#install.packages("GGally")
#install.packages("e1071")
#install.packages("modelr")
library(MASS)
library(ISLR)
library(GGally)
## Loading required package: ggplot2
library(class)
library(e1071)
##
## Attaching package: 'e1071'
## The following object is masked from 'package:ggplot2':
##
## element
library(modelr)
This question should be answered using the Weekly data set, which is part of the ISLR2 package. This data is similar in nature to the Smarket data from this chapter’s lab, except that it contains 1,089 weekly returns for 21 years, from the beginning of 1990 to the end of 2010.
# loading in dataset
market_data <- Weekly
summary(market_data)
## Year Lag1 Lag2 Lag3
## Min. :1990 Min. :-18.1950 Min. :-18.1950 Min. :-18.1950
## 1st Qu.:1995 1st Qu.: -1.1540 1st Qu.: -1.1540 1st Qu.: -1.1580
## Median :2000 Median : 0.2410 Median : 0.2410 Median : 0.2410
## Mean :2000 Mean : 0.1506 Mean : 0.1511 Mean : 0.1472
## 3rd Qu.:2005 3rd Qu.: 1.4050 3rd Qu.: 1.4090 3rd Qu.: 1.4090
## Max. :2010 Max. : 12.0260 Max. : 12.0260 Max. : 12.0260
## Lag4 Lag5 Volume Today
## Min. :-18.1950 Min. :-18.1950 Min. :0.08747 Min. :-18.1950
## 1st Qu.: -1.1580 1st Qu.: -1.1660 1st Qu.:0.33202 1st Qu.: -1.1540
## Median : 0.2380 Median : 0.2340 Median :1.00268 Median : 0.2410
## Mean : 0.1458 Mean : 0.1399 Mean :1.57462 Mean : 0.1499
## 3rd Qu.: 1.4090 3rd Qu.: 1.4050 3rd Qu.:2.05373 3rd Qu.: 1.4050
## Max. : 12.0260 Max. : 12.0260 Max. :9.32821 Max. : 12.0260
## Direction
## Down:484
## Up :605
##
##
##
##
Based on the summary of the data set, Lags 1 through 5 and today have the same minimum and maximum return. We can also see that according to the data, there has been more up (positive) return then down (negative) returns.
ggpairs(
market_data,
ggplot2::aes(colour = Direction),
progress = FALSE
)
## `stat_bin()` using `bins = 30`. Pick better value `binwidth`.

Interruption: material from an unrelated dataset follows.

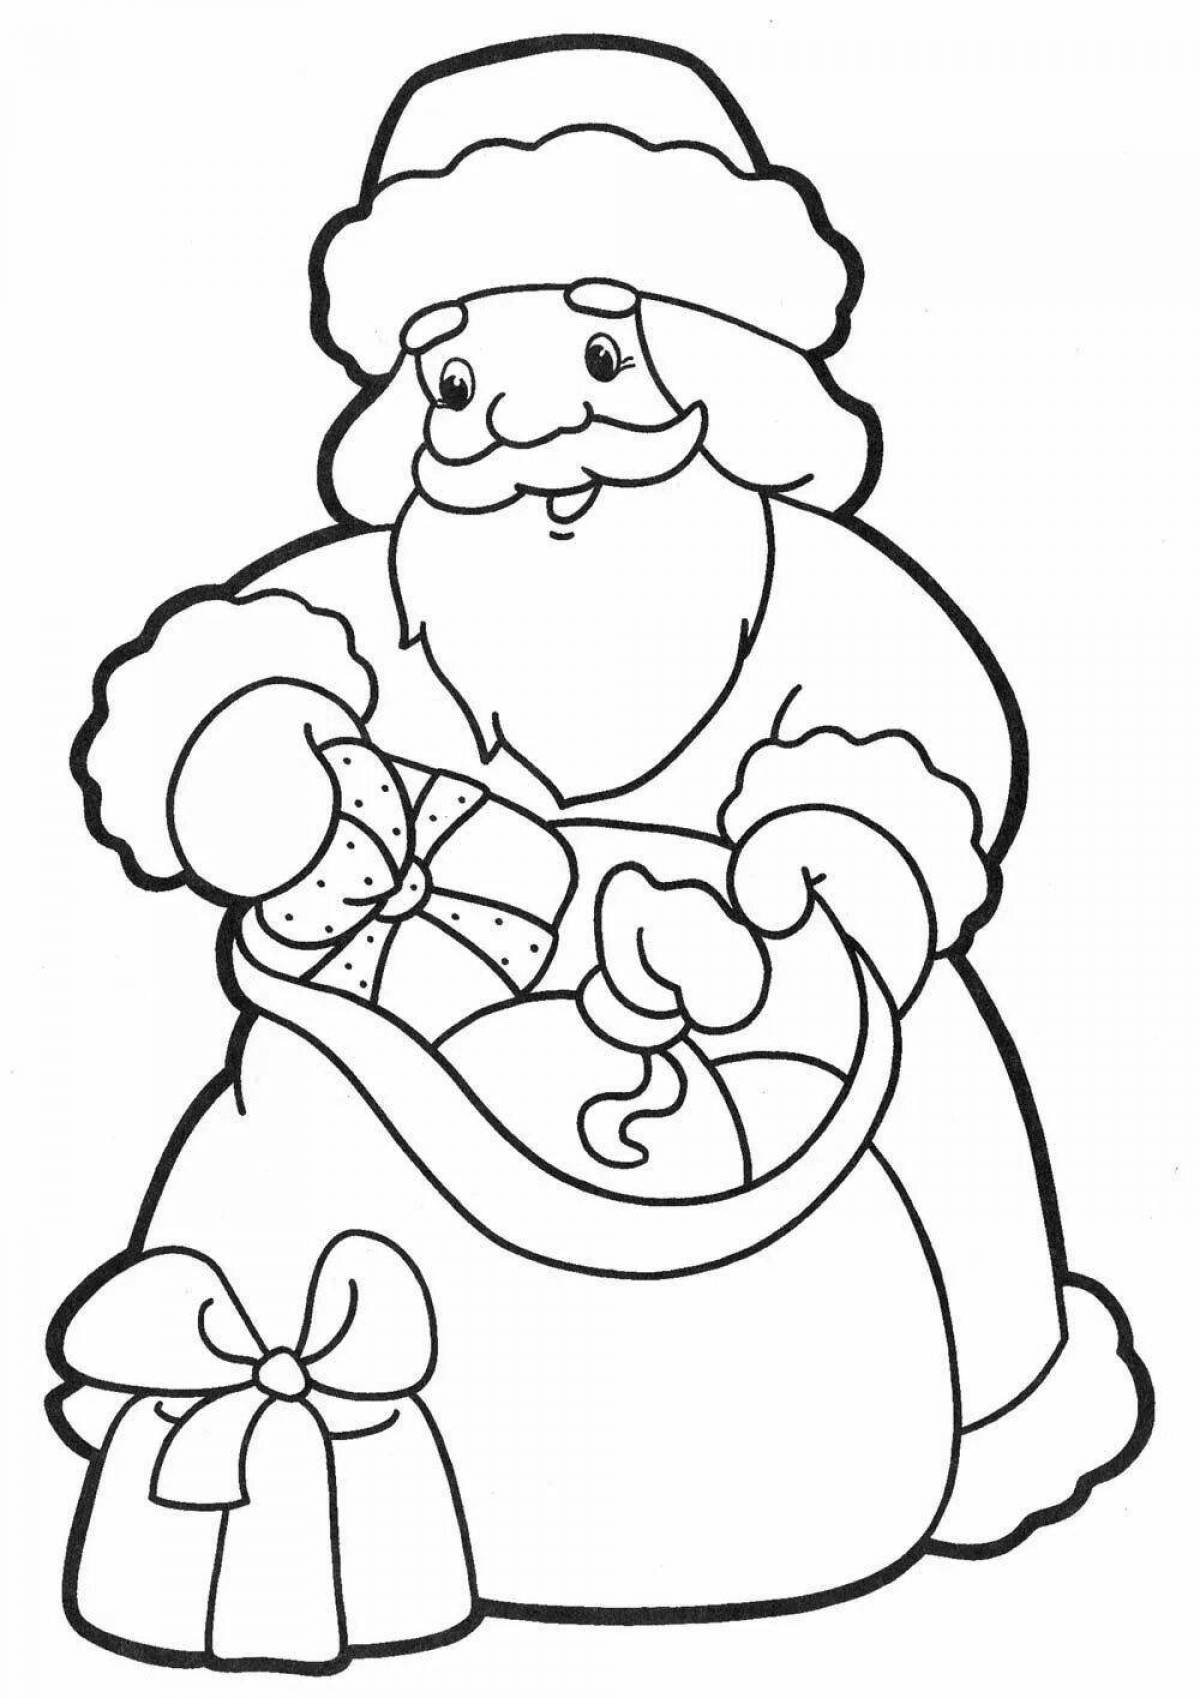 An entertaining coloring book Santa Claus for children 2-3 years old

## `stat_bin()` using `bins = 30`. Pick better value `binwidth`.
## `stat_bin()` using `bins = 30`. Pick better value `binwidth`.
## `stat_bin()` using `bins = 30`. Pick better value `binwidth`.
## `stat_bin()` using `bins = 30`. Pick better value `binwidth`.
## `stat_bin()` using `bins = 30`. Pick better value `binwidth`.
## `stat_bin()` using `bins = 30`. Pick better value `binwidth`.
## `stat_bin()` using `bins = 30`. Pick better value `binwidth`.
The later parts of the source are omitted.